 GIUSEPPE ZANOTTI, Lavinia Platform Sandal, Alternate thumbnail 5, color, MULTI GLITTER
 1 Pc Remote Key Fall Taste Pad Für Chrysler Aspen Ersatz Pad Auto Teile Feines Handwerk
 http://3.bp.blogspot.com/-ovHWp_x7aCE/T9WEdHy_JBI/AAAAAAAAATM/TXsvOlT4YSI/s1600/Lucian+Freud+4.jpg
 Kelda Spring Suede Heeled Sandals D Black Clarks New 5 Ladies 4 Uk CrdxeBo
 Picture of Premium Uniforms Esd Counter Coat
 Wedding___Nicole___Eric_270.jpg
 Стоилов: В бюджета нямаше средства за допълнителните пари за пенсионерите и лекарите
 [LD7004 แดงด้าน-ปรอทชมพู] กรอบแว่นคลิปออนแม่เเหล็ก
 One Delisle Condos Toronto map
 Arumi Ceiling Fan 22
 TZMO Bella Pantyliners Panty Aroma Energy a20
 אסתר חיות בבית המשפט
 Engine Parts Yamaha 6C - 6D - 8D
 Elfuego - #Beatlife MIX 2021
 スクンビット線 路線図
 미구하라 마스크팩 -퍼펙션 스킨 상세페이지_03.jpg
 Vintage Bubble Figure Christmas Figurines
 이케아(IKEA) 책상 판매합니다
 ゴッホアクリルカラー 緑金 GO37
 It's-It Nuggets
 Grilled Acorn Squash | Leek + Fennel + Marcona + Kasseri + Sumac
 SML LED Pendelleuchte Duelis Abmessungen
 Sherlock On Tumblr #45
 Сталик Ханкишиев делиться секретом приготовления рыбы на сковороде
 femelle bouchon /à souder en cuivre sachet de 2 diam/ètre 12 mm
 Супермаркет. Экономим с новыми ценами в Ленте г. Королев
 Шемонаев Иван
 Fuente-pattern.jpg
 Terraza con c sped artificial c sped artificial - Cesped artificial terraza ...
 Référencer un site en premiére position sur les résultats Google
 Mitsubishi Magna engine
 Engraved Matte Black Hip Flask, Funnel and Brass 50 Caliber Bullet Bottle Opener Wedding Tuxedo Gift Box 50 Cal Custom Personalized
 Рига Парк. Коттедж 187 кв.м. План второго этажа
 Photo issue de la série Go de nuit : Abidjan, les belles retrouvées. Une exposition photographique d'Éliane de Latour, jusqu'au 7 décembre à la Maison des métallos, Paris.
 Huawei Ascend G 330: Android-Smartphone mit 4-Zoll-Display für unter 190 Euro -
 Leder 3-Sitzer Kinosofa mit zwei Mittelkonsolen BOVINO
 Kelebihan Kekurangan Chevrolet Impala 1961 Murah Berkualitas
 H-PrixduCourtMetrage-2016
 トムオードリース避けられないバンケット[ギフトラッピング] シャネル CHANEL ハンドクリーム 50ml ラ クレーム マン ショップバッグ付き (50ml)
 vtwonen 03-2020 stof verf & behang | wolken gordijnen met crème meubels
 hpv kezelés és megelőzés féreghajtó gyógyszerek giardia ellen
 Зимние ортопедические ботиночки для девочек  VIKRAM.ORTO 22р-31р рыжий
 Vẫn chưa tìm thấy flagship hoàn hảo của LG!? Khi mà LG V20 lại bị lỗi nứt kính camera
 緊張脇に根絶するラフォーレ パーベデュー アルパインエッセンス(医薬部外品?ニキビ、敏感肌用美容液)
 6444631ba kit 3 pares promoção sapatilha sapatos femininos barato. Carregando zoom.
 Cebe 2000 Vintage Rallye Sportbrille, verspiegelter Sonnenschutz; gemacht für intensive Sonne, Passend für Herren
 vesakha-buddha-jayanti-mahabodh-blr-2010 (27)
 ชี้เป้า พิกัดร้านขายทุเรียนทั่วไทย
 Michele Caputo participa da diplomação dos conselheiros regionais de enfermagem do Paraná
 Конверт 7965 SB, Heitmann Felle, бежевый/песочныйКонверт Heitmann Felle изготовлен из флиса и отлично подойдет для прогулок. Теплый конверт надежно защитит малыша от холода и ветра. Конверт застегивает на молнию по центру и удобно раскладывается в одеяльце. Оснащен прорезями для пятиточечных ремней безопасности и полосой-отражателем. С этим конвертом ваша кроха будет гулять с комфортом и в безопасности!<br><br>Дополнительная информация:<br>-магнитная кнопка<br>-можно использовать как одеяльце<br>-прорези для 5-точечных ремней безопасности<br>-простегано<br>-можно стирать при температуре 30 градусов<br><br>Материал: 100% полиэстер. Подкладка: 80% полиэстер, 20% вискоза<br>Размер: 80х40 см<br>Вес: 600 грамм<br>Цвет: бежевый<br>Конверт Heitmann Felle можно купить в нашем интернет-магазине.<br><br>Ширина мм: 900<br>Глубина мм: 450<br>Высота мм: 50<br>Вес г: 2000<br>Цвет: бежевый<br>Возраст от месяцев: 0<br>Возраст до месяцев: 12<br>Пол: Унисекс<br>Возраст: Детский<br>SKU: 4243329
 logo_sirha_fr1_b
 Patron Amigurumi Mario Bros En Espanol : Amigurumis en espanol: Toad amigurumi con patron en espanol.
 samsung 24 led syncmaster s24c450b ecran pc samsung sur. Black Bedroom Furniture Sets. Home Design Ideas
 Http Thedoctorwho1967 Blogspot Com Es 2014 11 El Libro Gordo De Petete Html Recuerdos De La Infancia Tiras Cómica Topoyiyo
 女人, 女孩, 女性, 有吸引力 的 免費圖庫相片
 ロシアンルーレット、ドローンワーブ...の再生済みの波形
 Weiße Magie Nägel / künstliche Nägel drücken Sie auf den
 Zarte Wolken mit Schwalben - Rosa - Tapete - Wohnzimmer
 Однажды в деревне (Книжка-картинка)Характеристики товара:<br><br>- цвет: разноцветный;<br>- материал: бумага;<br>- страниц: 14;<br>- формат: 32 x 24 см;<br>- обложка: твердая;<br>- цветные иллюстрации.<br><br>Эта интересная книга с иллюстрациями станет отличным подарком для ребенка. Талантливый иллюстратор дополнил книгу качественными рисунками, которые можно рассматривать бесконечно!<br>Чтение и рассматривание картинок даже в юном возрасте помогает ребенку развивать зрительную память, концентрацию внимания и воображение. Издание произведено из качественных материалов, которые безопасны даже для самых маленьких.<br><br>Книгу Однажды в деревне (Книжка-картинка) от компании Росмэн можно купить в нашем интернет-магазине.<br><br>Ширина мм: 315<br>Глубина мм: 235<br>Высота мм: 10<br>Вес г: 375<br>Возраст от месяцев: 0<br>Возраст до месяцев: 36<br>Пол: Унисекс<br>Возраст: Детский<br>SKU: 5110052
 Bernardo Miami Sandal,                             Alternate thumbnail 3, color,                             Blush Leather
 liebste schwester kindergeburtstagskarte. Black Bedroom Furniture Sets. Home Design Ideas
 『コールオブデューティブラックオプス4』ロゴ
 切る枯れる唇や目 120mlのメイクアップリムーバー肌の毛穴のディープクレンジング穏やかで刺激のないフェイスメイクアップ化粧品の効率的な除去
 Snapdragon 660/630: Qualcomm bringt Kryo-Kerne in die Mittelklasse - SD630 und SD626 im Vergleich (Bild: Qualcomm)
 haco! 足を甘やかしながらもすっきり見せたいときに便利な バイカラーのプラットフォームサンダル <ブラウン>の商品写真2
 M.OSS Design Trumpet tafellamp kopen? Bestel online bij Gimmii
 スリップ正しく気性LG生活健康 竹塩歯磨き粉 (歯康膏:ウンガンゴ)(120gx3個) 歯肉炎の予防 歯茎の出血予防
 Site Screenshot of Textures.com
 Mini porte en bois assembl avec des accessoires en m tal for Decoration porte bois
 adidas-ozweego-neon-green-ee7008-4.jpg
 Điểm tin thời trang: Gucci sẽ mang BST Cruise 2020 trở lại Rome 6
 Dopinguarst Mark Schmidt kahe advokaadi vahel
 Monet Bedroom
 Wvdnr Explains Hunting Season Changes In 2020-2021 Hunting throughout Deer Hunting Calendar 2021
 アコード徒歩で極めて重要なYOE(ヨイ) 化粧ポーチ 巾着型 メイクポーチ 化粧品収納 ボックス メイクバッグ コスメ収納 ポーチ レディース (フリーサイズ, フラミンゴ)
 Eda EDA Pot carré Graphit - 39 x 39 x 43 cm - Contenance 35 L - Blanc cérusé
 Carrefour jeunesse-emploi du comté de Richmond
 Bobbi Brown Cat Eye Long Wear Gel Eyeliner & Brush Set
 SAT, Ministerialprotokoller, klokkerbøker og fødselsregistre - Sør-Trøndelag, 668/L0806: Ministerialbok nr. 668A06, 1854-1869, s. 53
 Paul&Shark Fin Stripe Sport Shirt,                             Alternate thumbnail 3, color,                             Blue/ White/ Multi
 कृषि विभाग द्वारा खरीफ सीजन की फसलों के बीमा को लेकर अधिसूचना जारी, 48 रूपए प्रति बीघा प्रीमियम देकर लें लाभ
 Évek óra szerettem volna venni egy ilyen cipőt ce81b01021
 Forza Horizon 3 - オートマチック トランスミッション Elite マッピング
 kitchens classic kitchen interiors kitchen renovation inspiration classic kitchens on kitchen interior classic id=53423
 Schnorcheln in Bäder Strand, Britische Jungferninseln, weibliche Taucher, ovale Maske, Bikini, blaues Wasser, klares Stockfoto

......

Go through the entries above and copy each line with "Black" in it.

 Kelda Spring Suede Heeled Sandals D Black Clarks New 5 Ladies 4 Uk CrdxeBo
 Engraved Matte Black Hip Flask, Funnel and Brass 50 Caliber Bullet Bottle Opener Wedding Tuxedo Gift Box 50 Cal Custom Personalized
 samsung 24 led syncmaster s24c450b ecran pc samsung sur. Black Bedroom Furniture Sets. Home Design Ideas
 liebste schwester kindergeburtstagskarte. Black Bedroom Furniture Sets. Home Design Ideas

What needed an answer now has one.